Going to a high school dance – regardless of whether the theme is the roaring twenties – is like getting in a time machine. Homecoming and prom both allow students to become nostalgic over impractical ball gowns, corsages, cotillion etiquette and carriage-like limos. At the same time, the dances also often inadvertently preserve old-fashioned and gendered courtship rituals that stress out both sexes. Many students think bringing a Sadie Hawkins dance back to St. Pius X is the first step to leave these outdated customs in the past.

Originally concocted in the 1930’s comic Li’l Abner, the Sadie Hawkins custom is a less formal dance where the girls are wholly responsible for asking their dates to go with them, contrary to the typical social expectations of more formal dances.

“The general socially acceptable thing for HoCo is that the boy is supposed to ask you. It’s not required, but it would be taboo for a girl to ask a boy,” said junior Anna Galvin, a seasoned Homecoming veteran.

These toxic expectations often leave young women feeling powerless during the whole process.

“Waiting to see if anyone would ever think of asking me and watching other people get asked is definitely nerve-wracking,” junior Vy Nguyen said. “Girls are only supposed to get asked and don’t have any control over who they want to go with either unless you want to be that girl that says no.”

Female students aren’t the only ones dissatisfied with the current process. Male students such as junior Keenan Finneran feel that constantly being forced to make decisions is equally exhausting.

“I don’t know. As a guy, it’s nice to have that social pressure off. Like having to ask someone to prom or HoCo is pretty stressful sometimes. So it’d be cool to get a break and experience the other side of it,” Finneran said.

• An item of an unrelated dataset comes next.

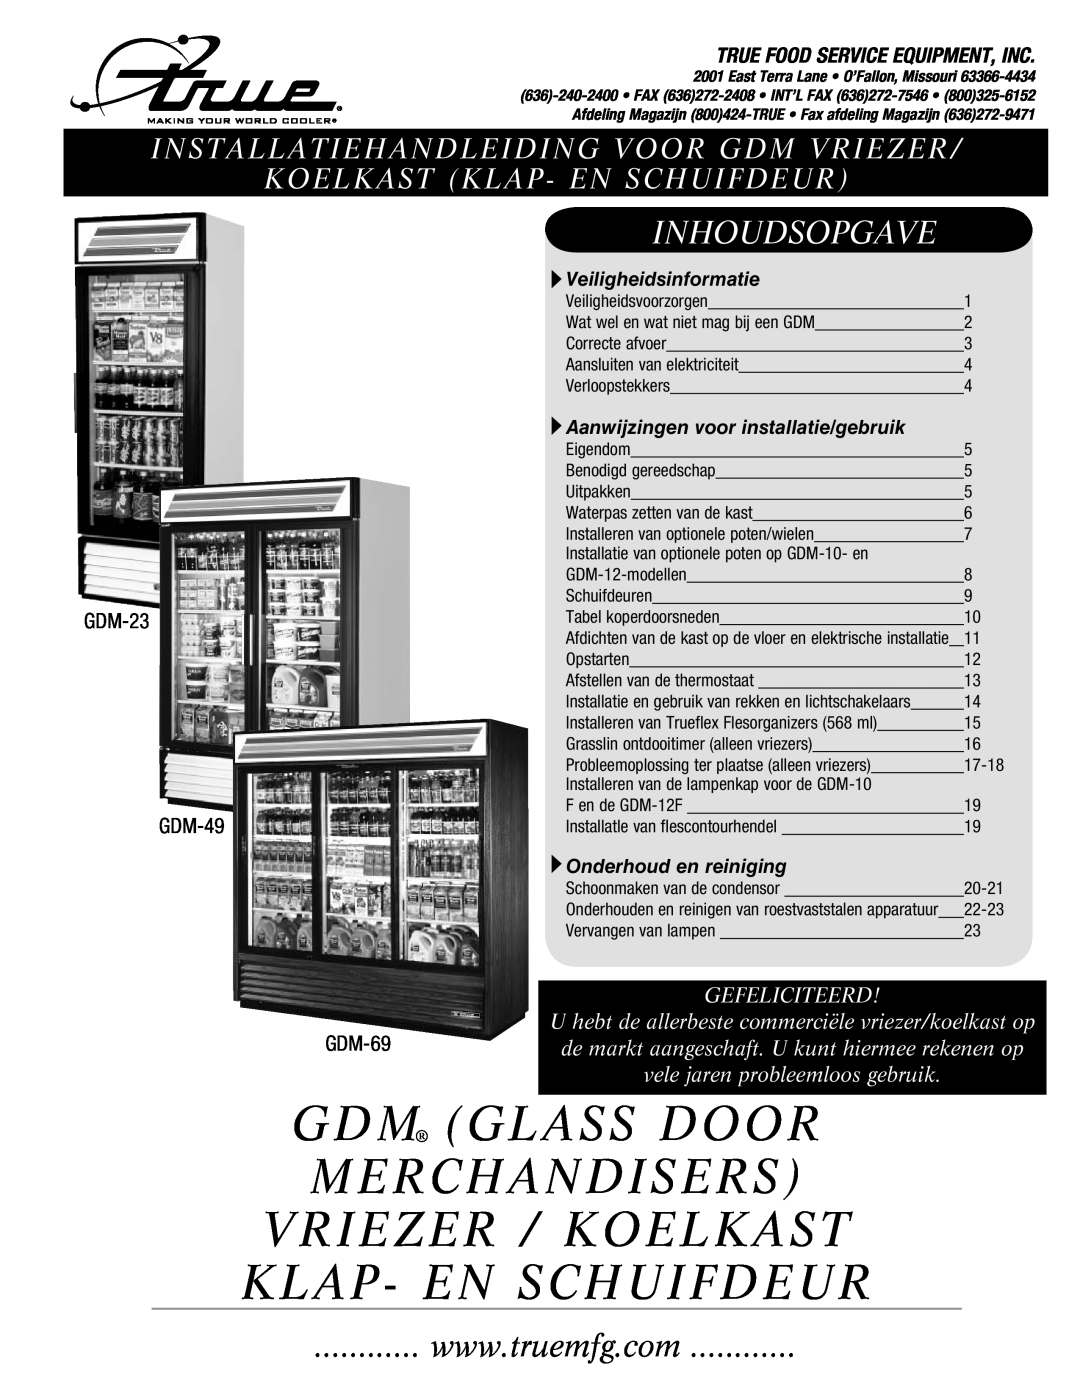 True Manufacturing Company GDM-49, GDM-23 manual Gdm Glass Door Merchandisers Vriezer / Koelkast Klap- En Schuifdeur

Like many other cultural inequalities, the expectation of men asking out women on a date will probably be around for a while, but by making Sadie a reality, we could begin to balance the scales.

So why haven’t we been pushing our class representatives for Sadie? Senior Georgia Brieske thought one of the main objections to Sadie Hawkins from other students could be “that girls would freak out or fight” if put into a position where they had to ask boys.

While logistical concerns about putting on Sadie are certainly legitimate, claiming that young women aren’t mature enough to handle the responsibility – when boys are – is purely sexist. It portrays them as catty and hysterical.

We wouldn’t ask whether men were too dramatic to handle a dance. We’d ask when the dance was. We’d ask how much it would cost. We’d ask how to make it a reality.